Gustave Doré (French, 1832–1883)
Moses before Pharoah, ca 1869–1872
Charcoal, pen, ink wash, with white gouache on wove paper, 22 x 33 in.
Inscribed lower right: Approuve la copie comme trés fidèle et excellente / G Doré

Moses Before Pharaoh represents a moment from the Old Testament (Exodus 11, 12). God has sent the tenth plague, killing the first-born of Egypt in order to convince Pharaoh to release the Jews from enslavement. Here, the standing figures of Moses and Aaron are surrounded by prostrate Jews in the foreground, while Pharaoh stands at the apex with his extensive court of priests and advisors. Doré incorporated Orientalist details in the garb of the Egyptians and the surrounding architecture, which would have appealed to Victorian audiences familiar with images and travel accounts from the Holy Land. But Doré also incorporates certain aspects of traditional biblical painting. The perspective, organization of figures, and gestures recall such Renaissance works as Paolo Veronese’s Wedding Feast at Cana (Musée du Louvre, Paris) and Raphael’s Vatican fresco, The School of Athens.

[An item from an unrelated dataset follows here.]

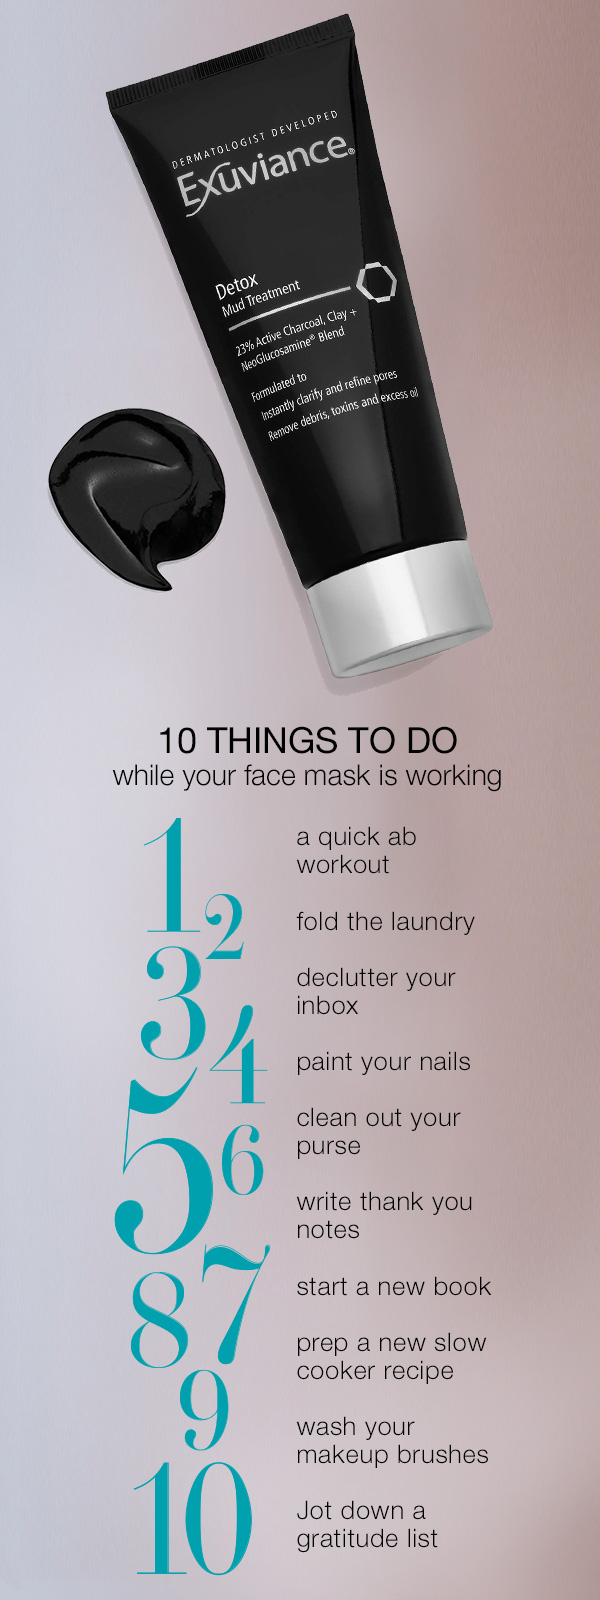 10 Things To Do While Your Face Mask Is Working

Born in Strasbourg, Doré began drawing at an early age and became perhaps the 19th century’s most prolific illustrator. He is best known for his illustrations of such literary masterpieces as Byron’s Complete Works, Dante’s Divine Comedy, and Cervantes’ Don Quixote, and, most famously, the “Doré Bible.” After continued attempts at ambitious narrative paintings were poorly received in France, in 1868 he opened the Doré Gallery in London’s Bond Street and became a critically and commercially successful artist. An inscription with this highly finished drawing attests that it was approved as preparation for a steel engraving to be exhibited and sold at the Doré Gallery. Doré’s Biblical compositions were often monumentally scaled with dramatic incident, large crowds, detailed costumes, and architecture, making them the late 19th-century equivalent of cinematic blockbusters.